--- Supplied data ---
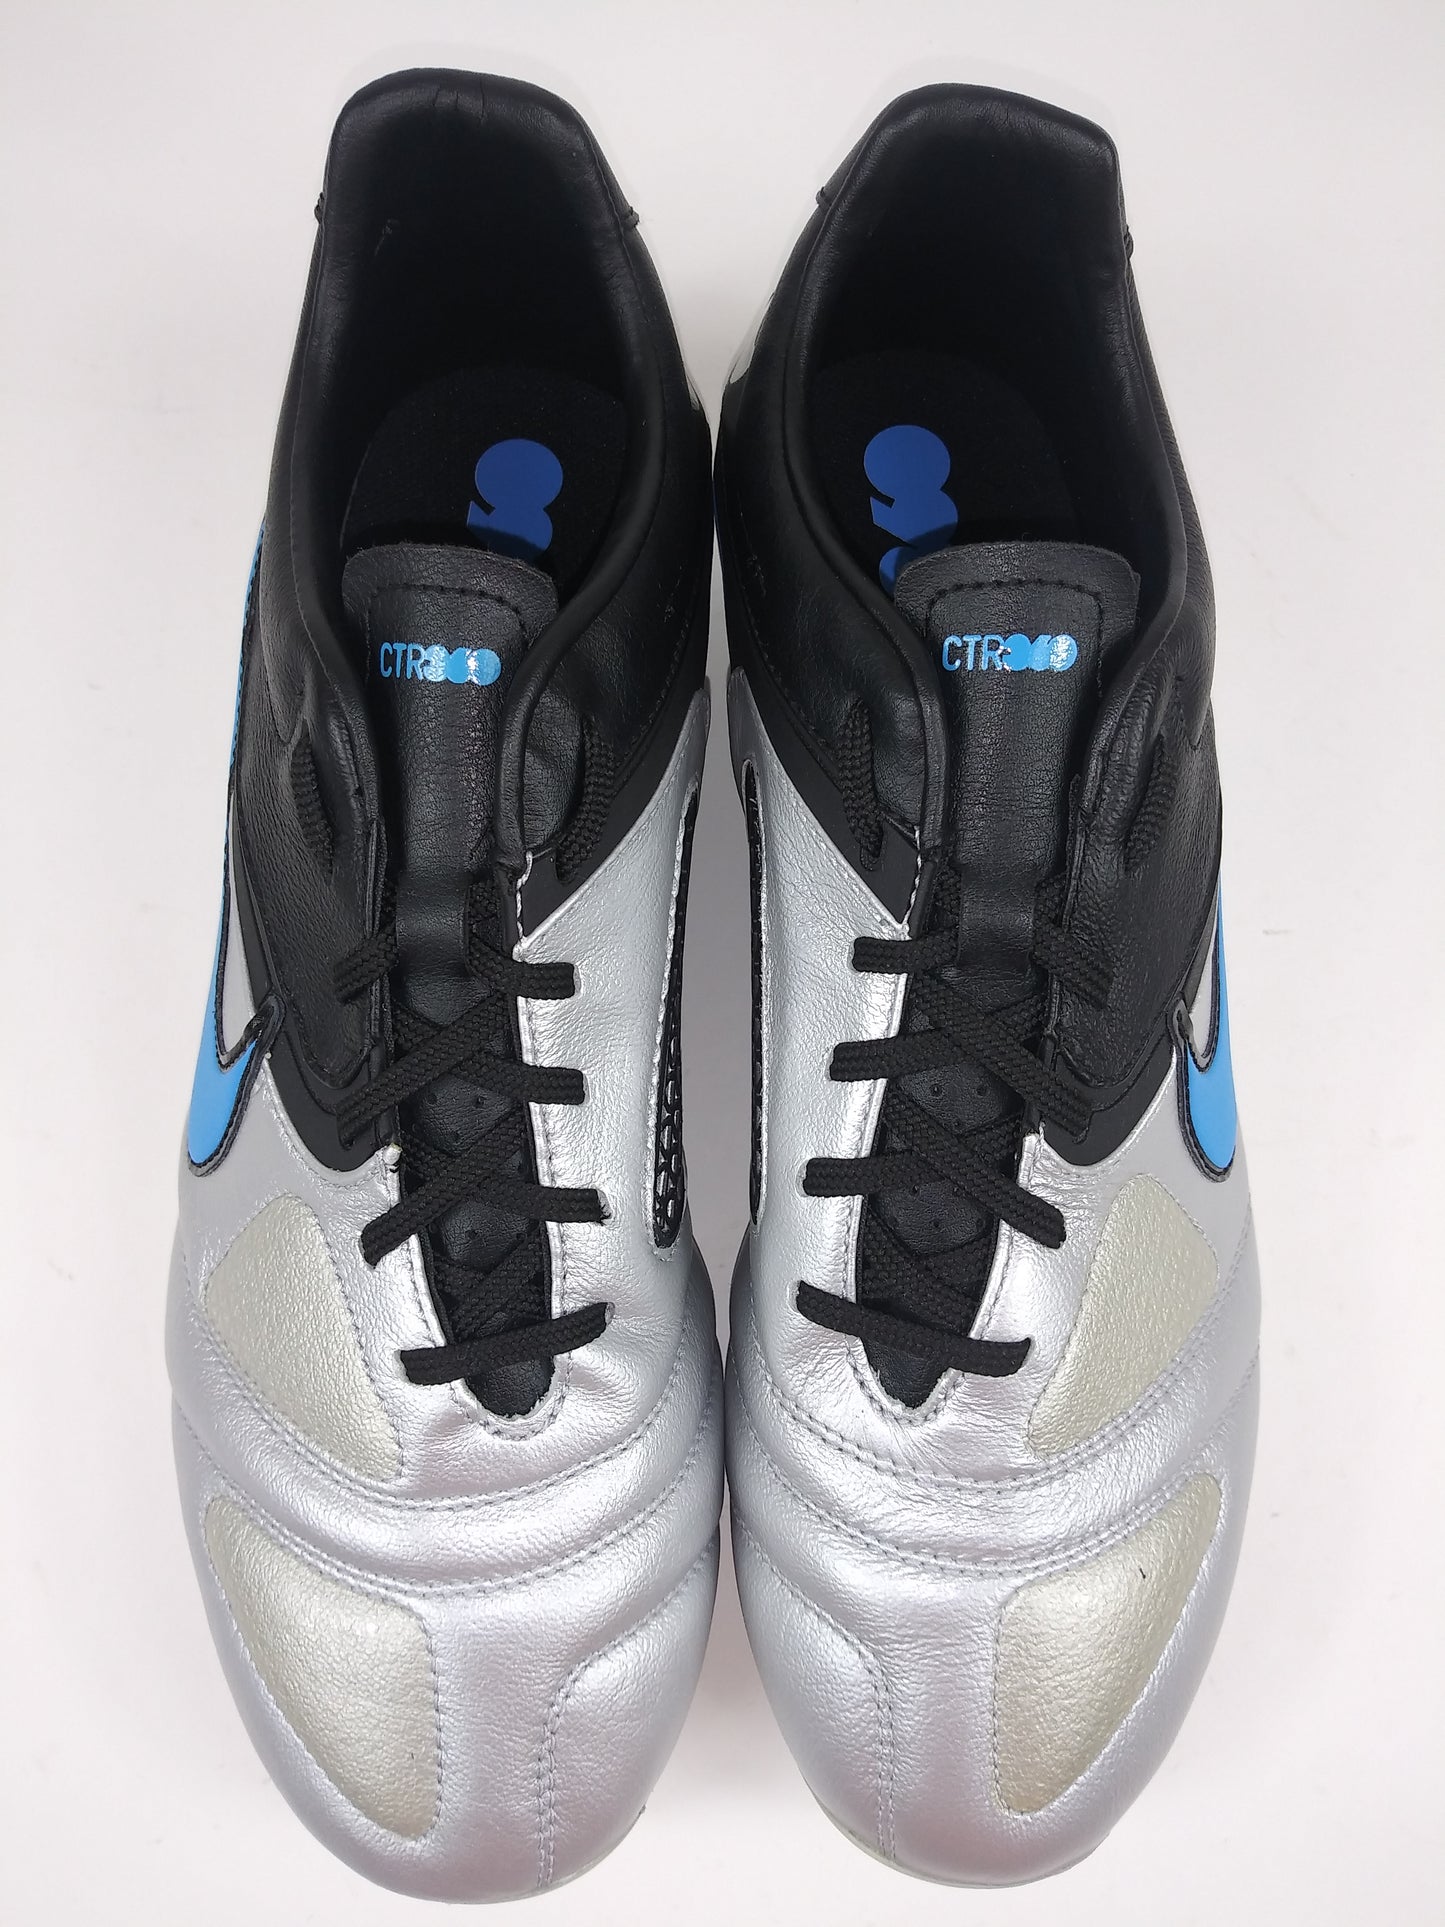 Nike CTR360 Libretto ll FG Silver Blue
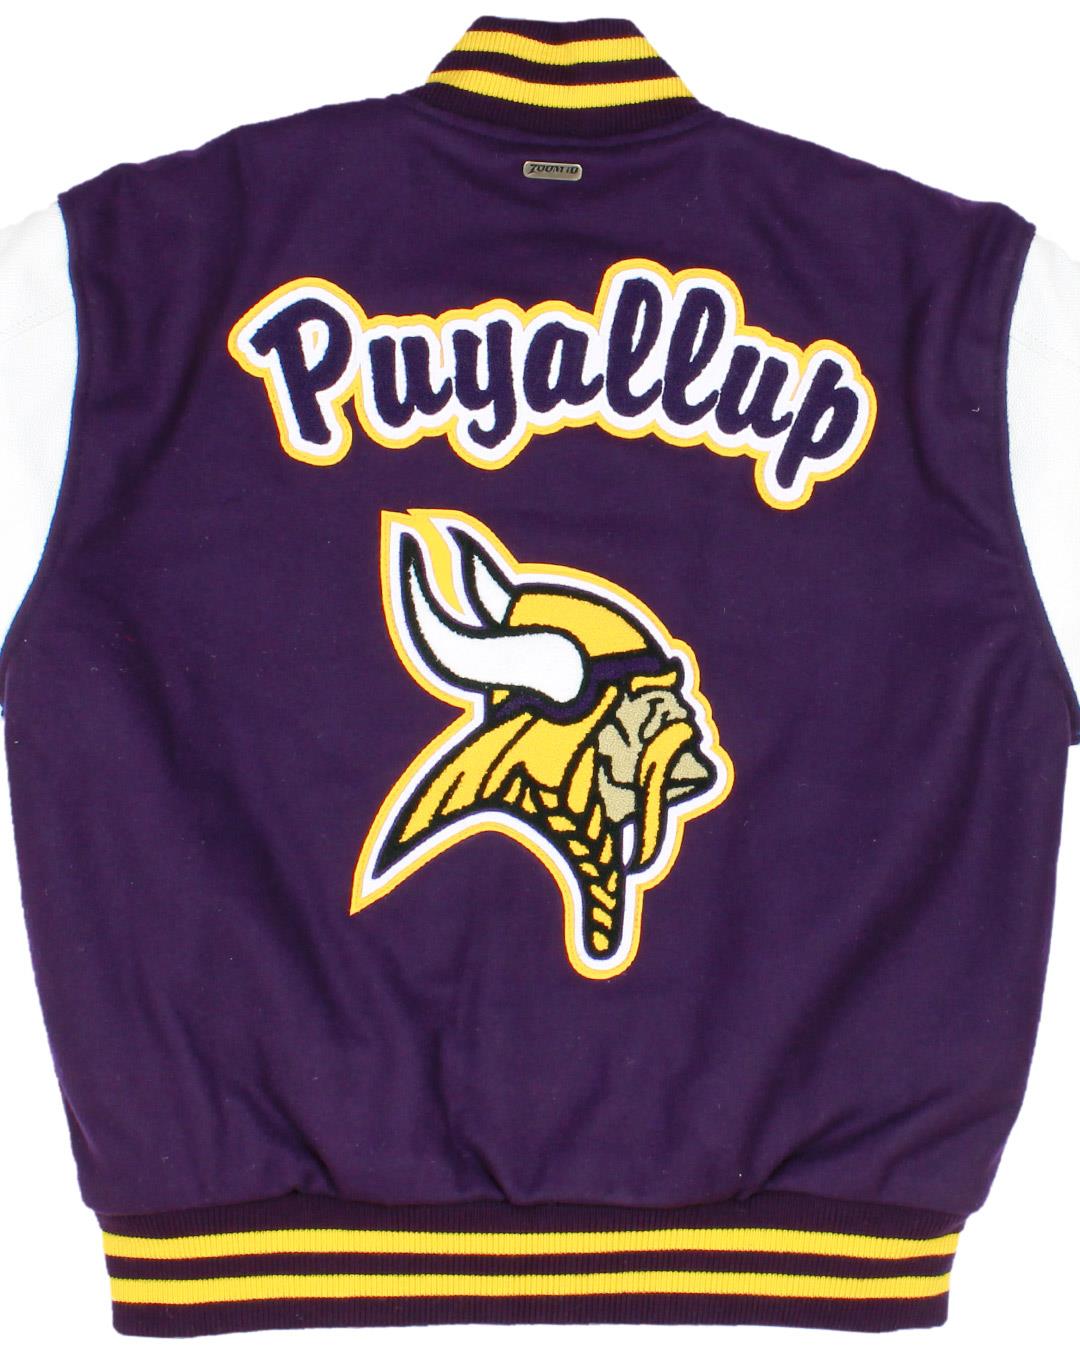 Puyallup High School Vikings Letterman Jacket, Puyallup, WA - Back
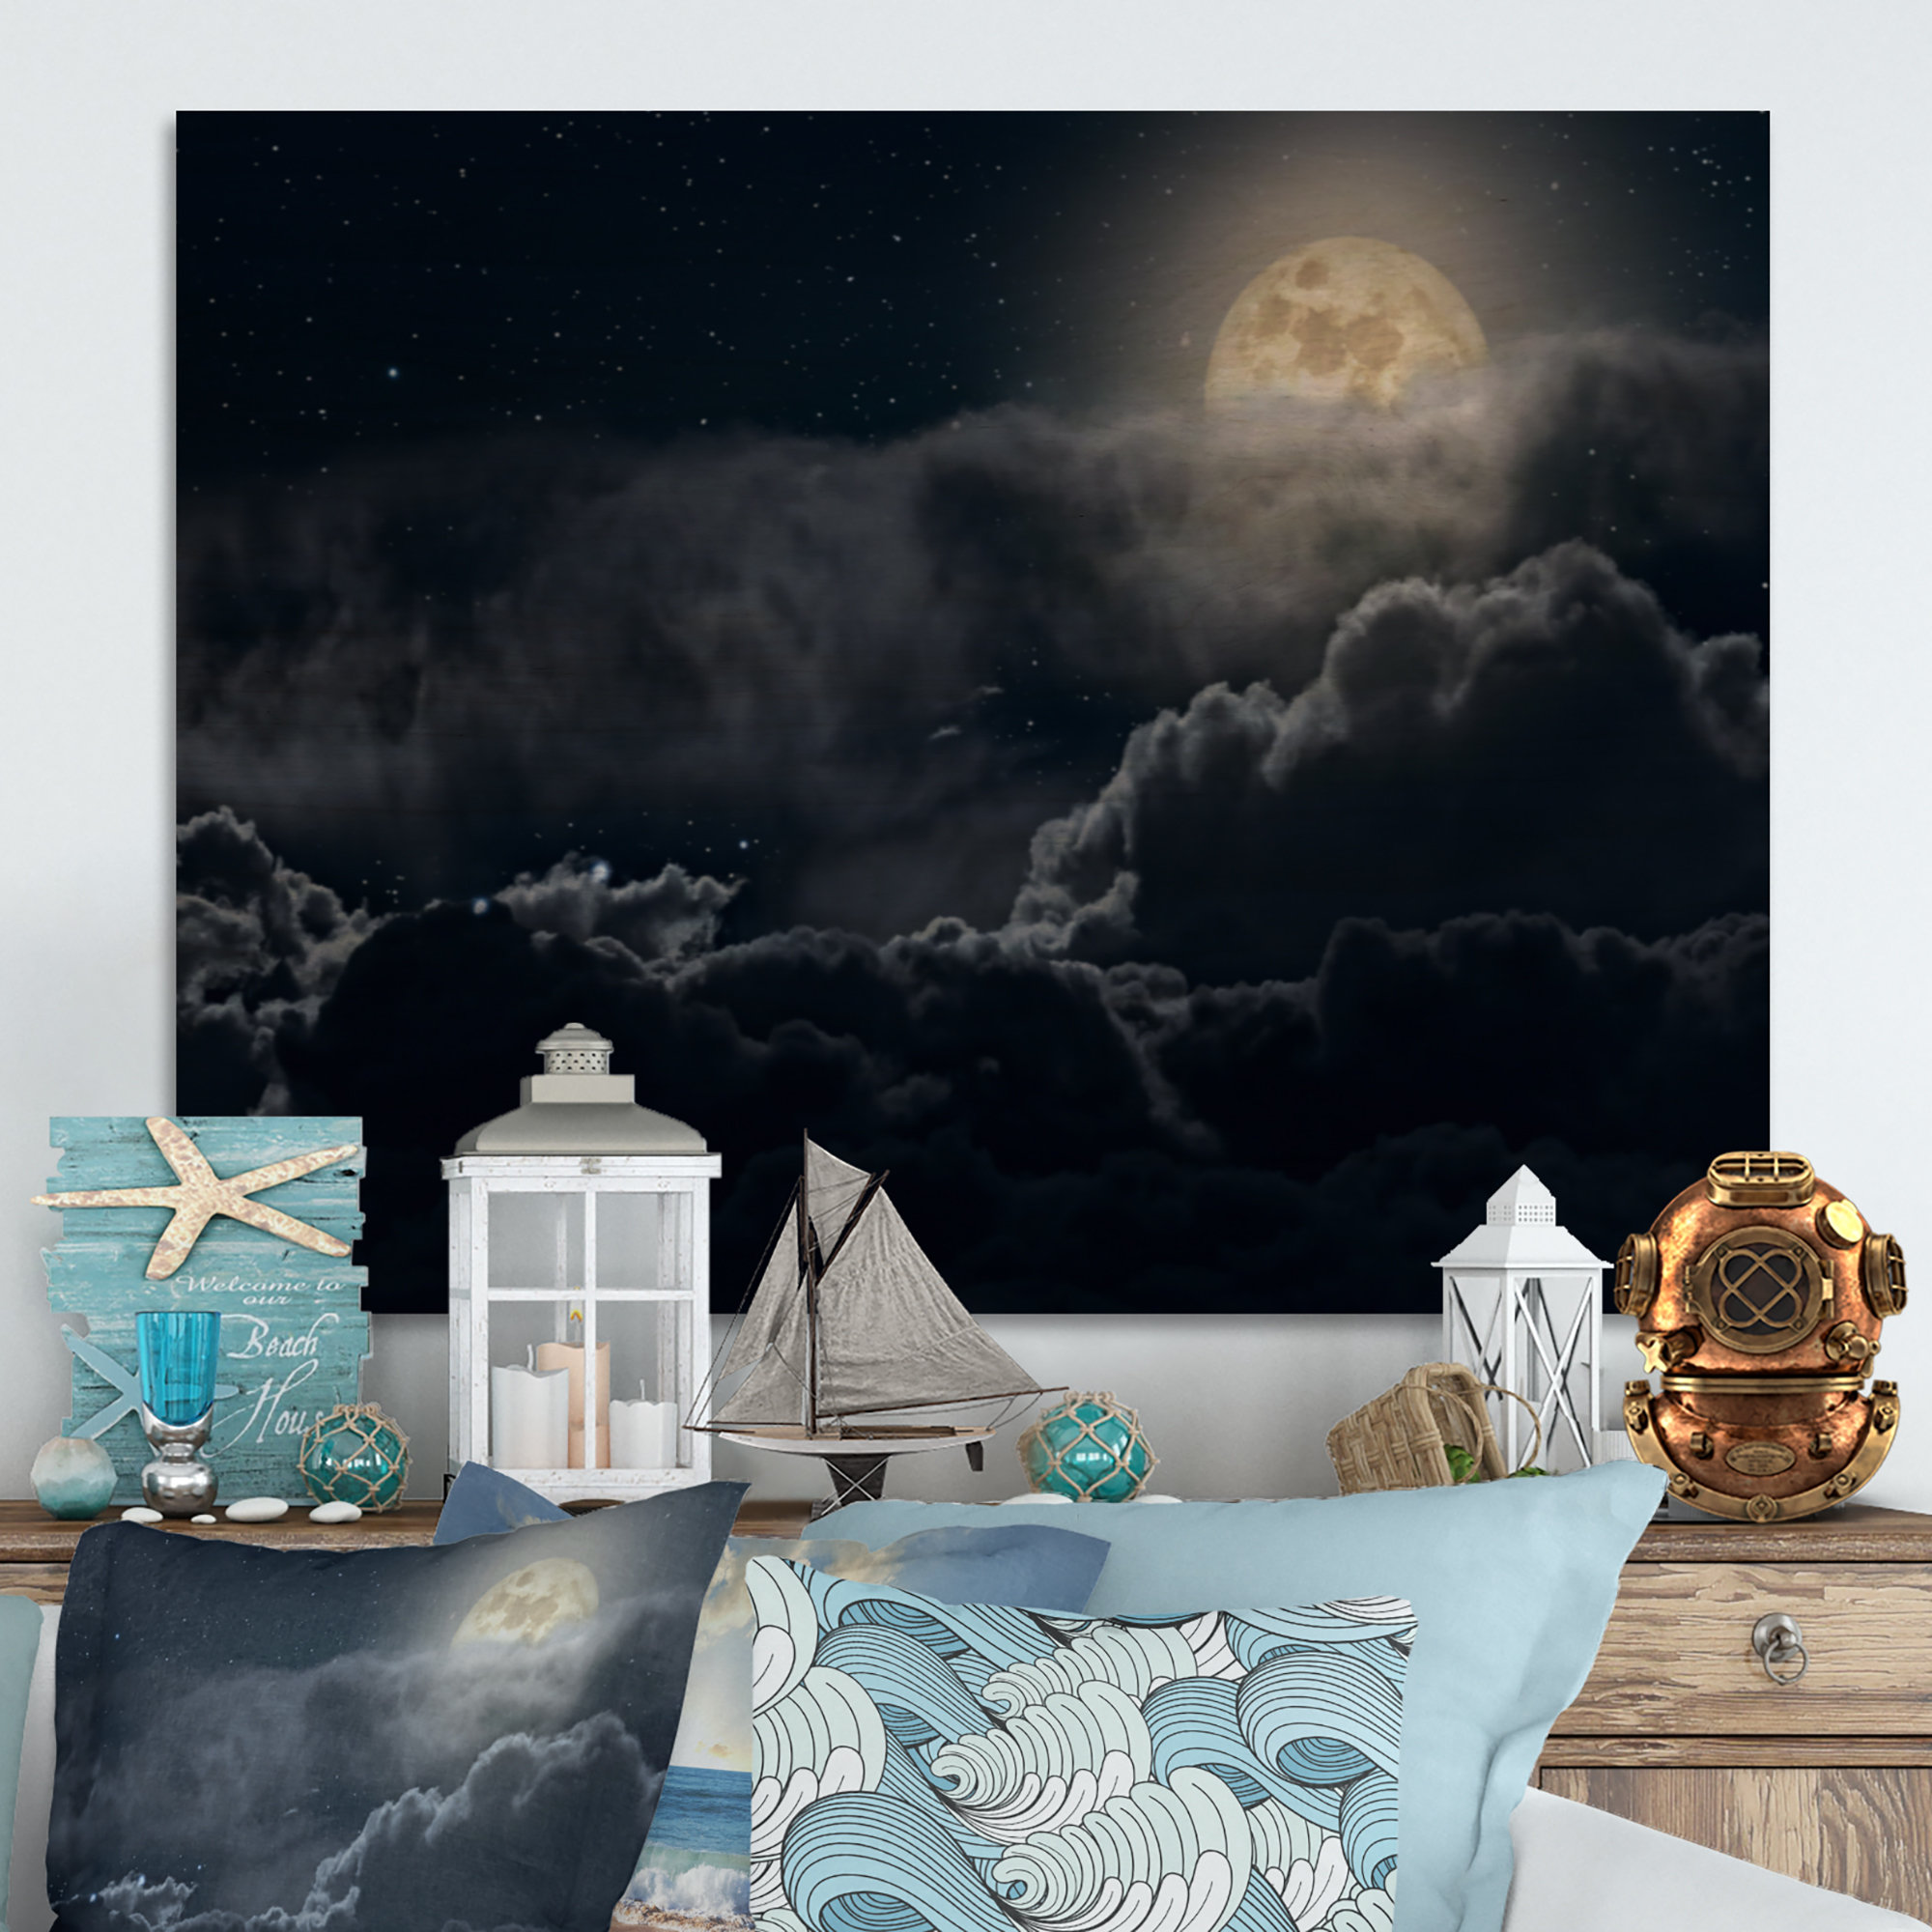 Paint Your Own Moon Lamp Kit, Halloween Gifts DIY Space Moon Night Light,  Art Supplies Arts
---
*What is required*
Now repeat exactly the lines from the one with "Puyallup High School" through the end of the listing above, both included, omitting all pictures.

*Expected answer*
 Puyallup High School Vikings Letterman Jacket, Puyallup, WA - Back
 Paint Your Own Moon Lamp Kit, Halloween Gifts DIY Space Moon Night Light,  Art Supplies Arts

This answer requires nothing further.